* **RECORDED DATA**
________________________

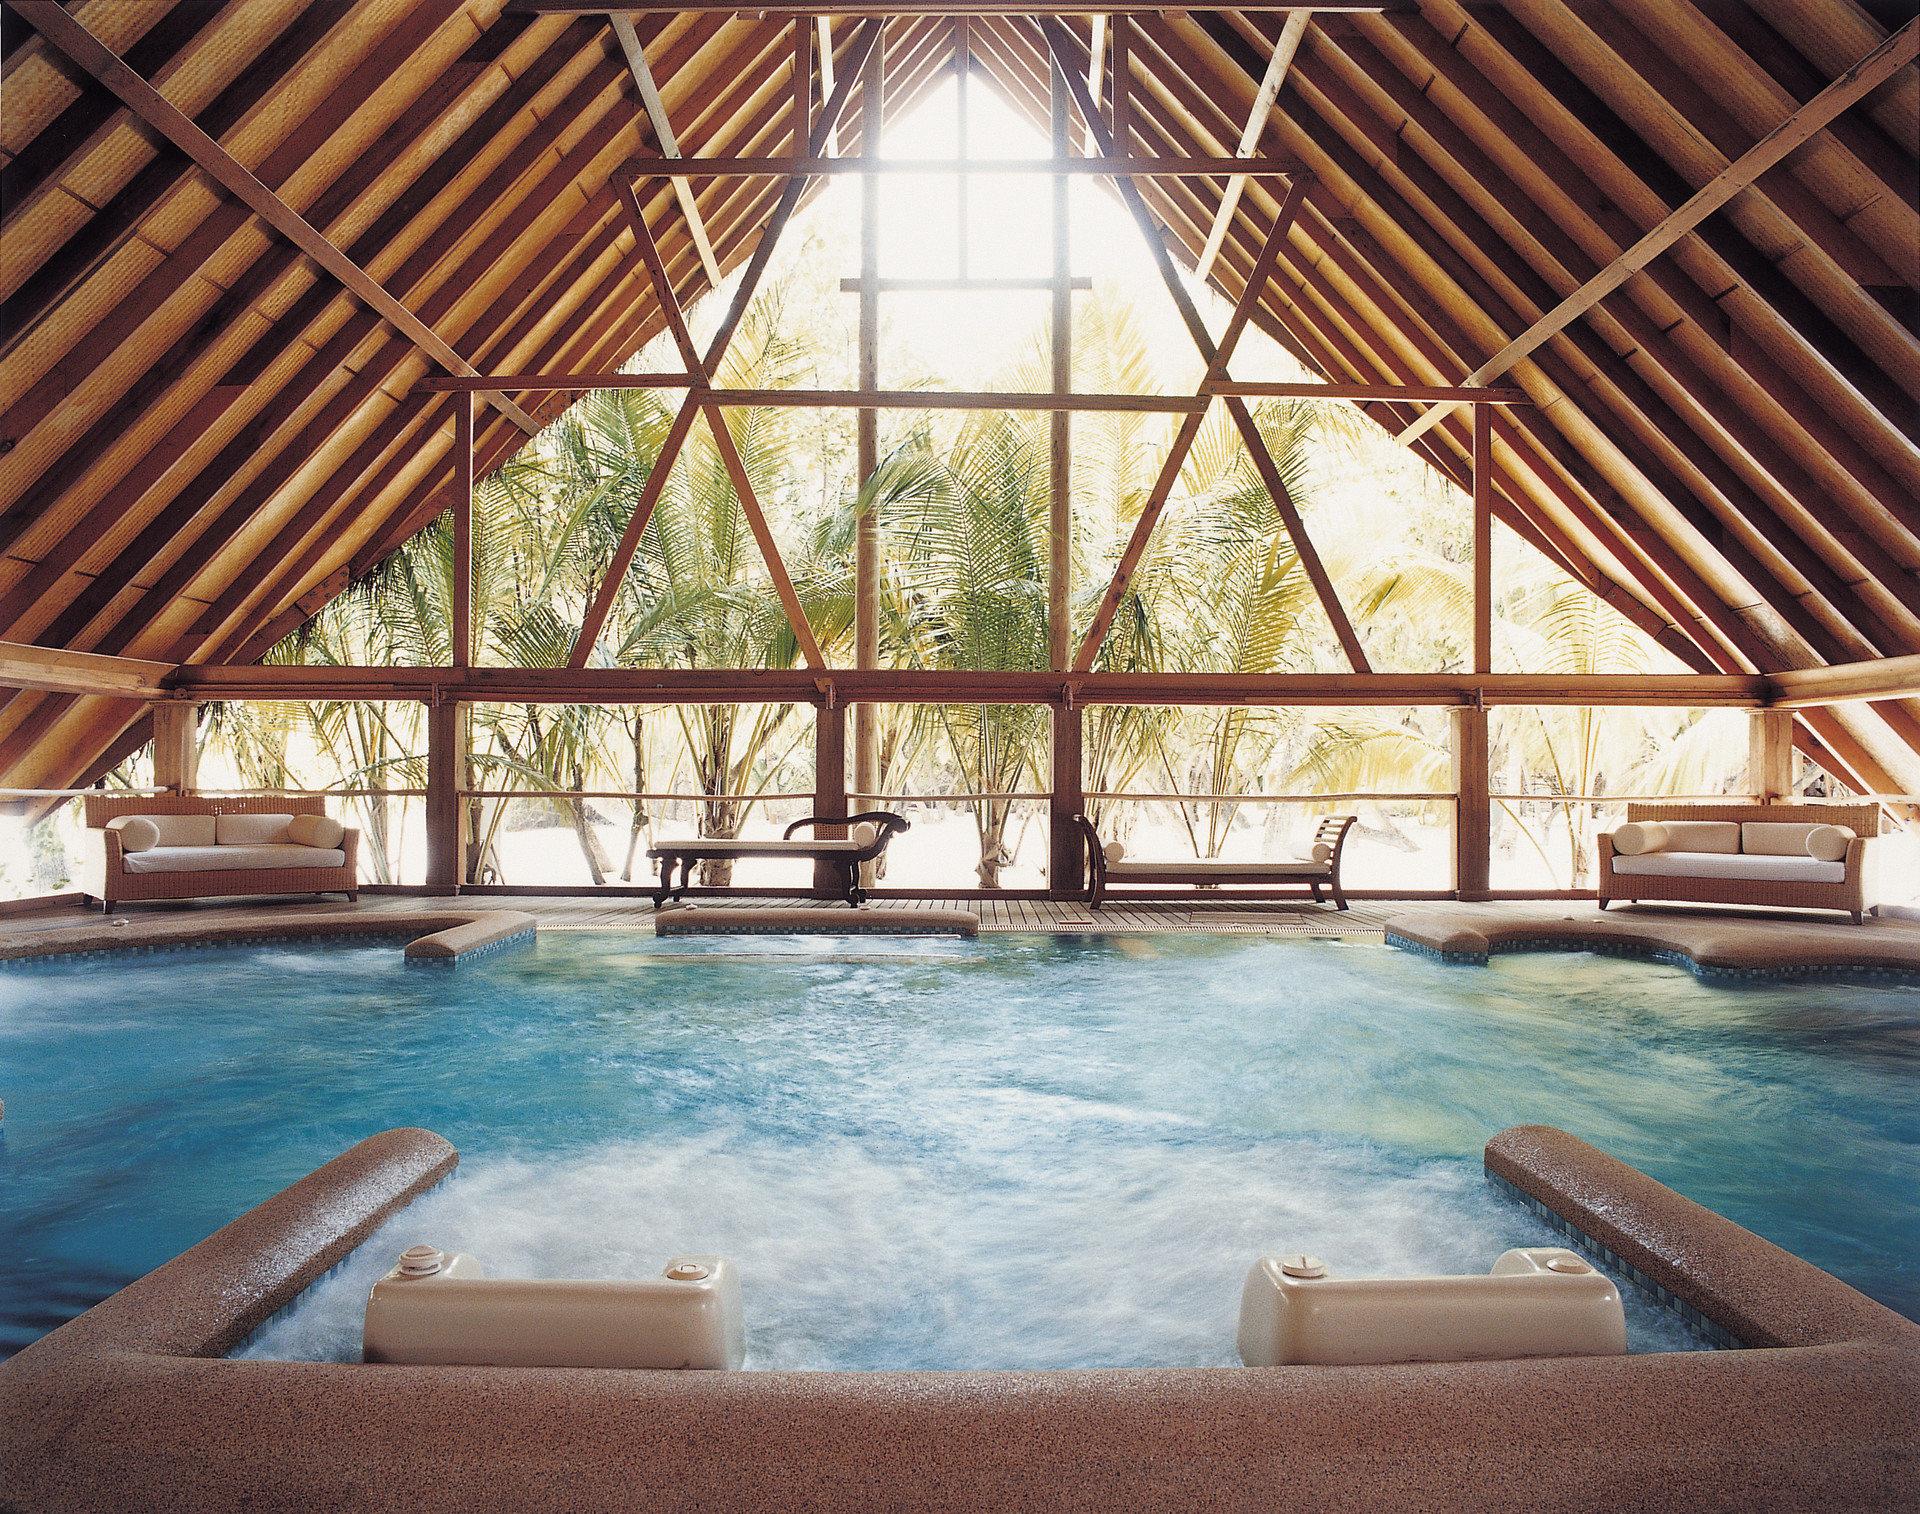 Hotels Living sofa room indoor swimming pool property building Resort estate cottage Villa eco hotel furniture
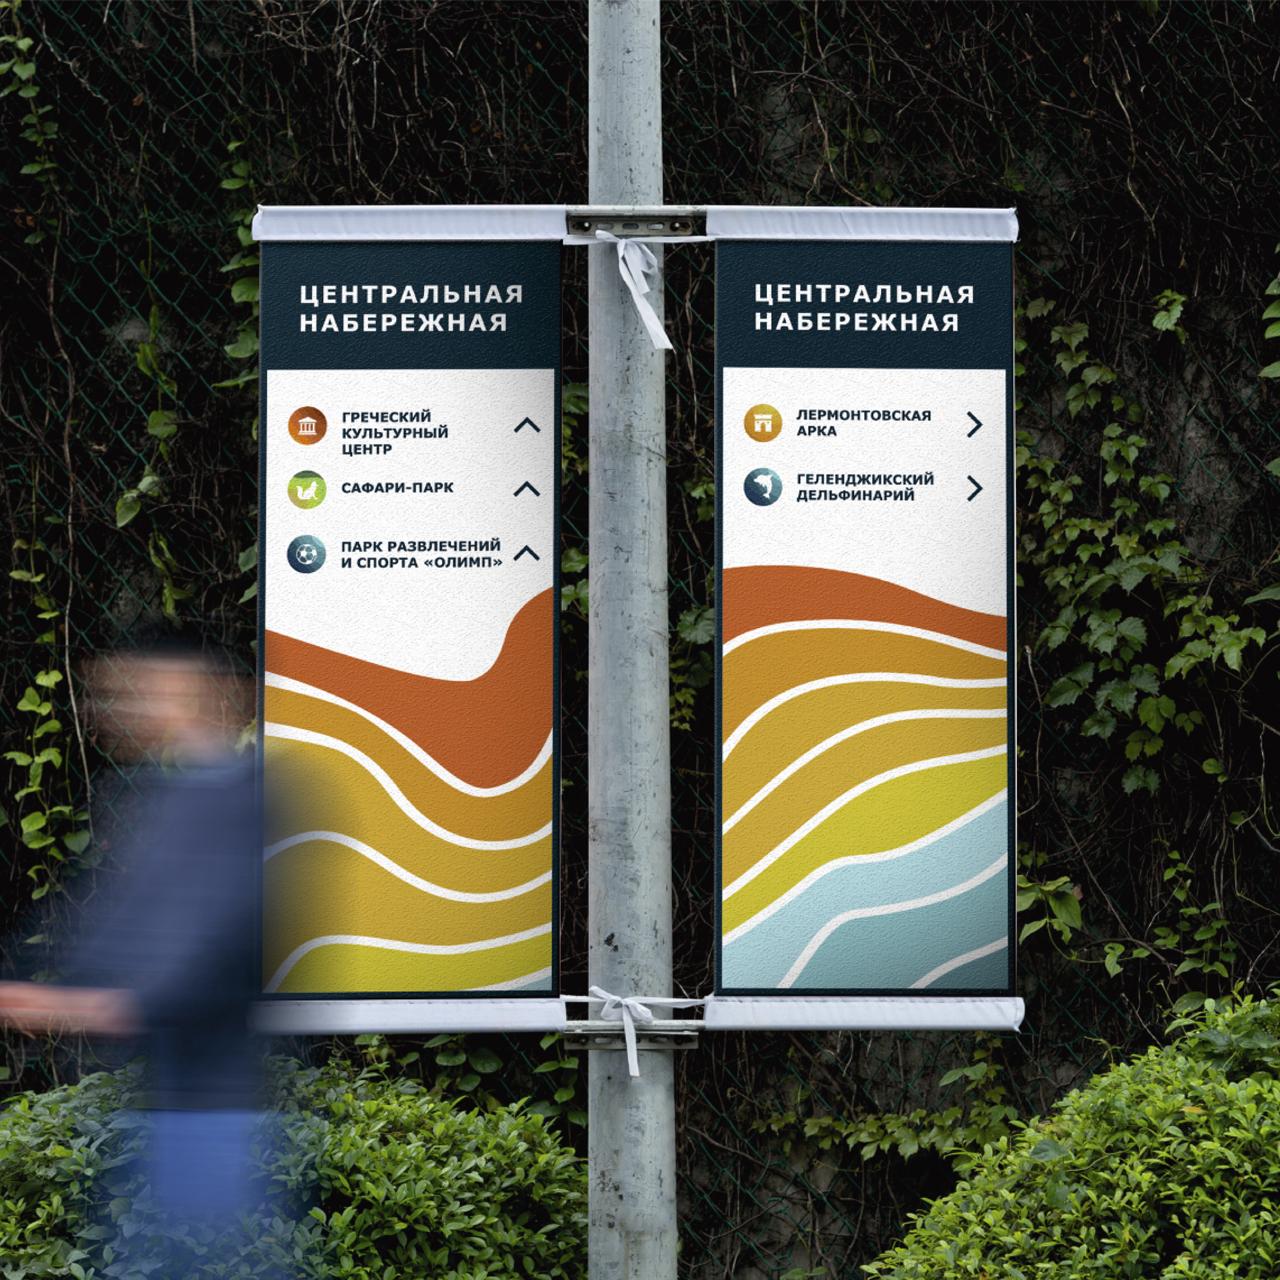 Визуальная среда туристического бренда Геленджика на примере указателей
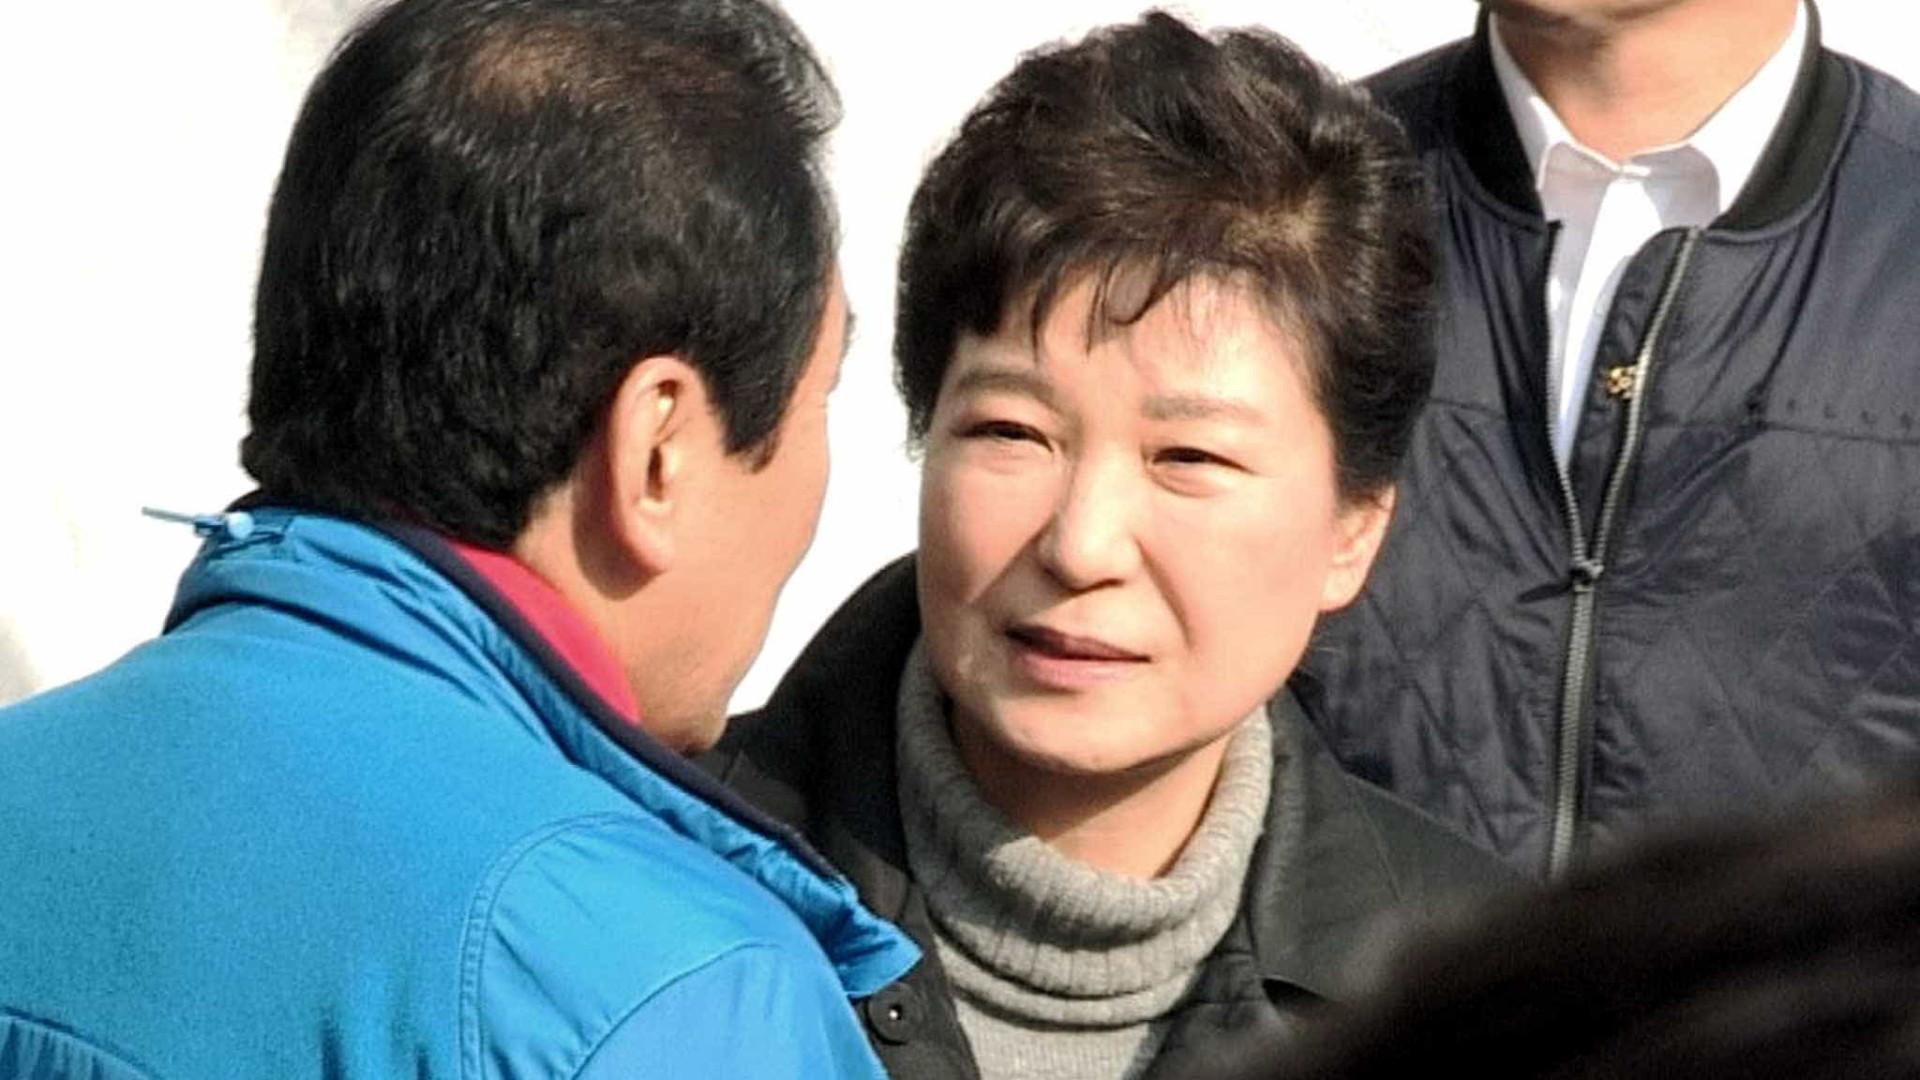 Parlamento sul-coreano vota a 9 de dezembro destituição da Presidente

________________________

* **PROBLEM TO SOLVE**
Reproduce, unchanged, each line between the one with "Визуальная среда туристического" and the last line of the material, both included; the pictures do not go in.

* **ANSWER AREA**
 Визуальная среда туристического бренда Геленджика на примере указателей
 Parlamento sul-coreano vota a 9 de dezembro destituição da Presidente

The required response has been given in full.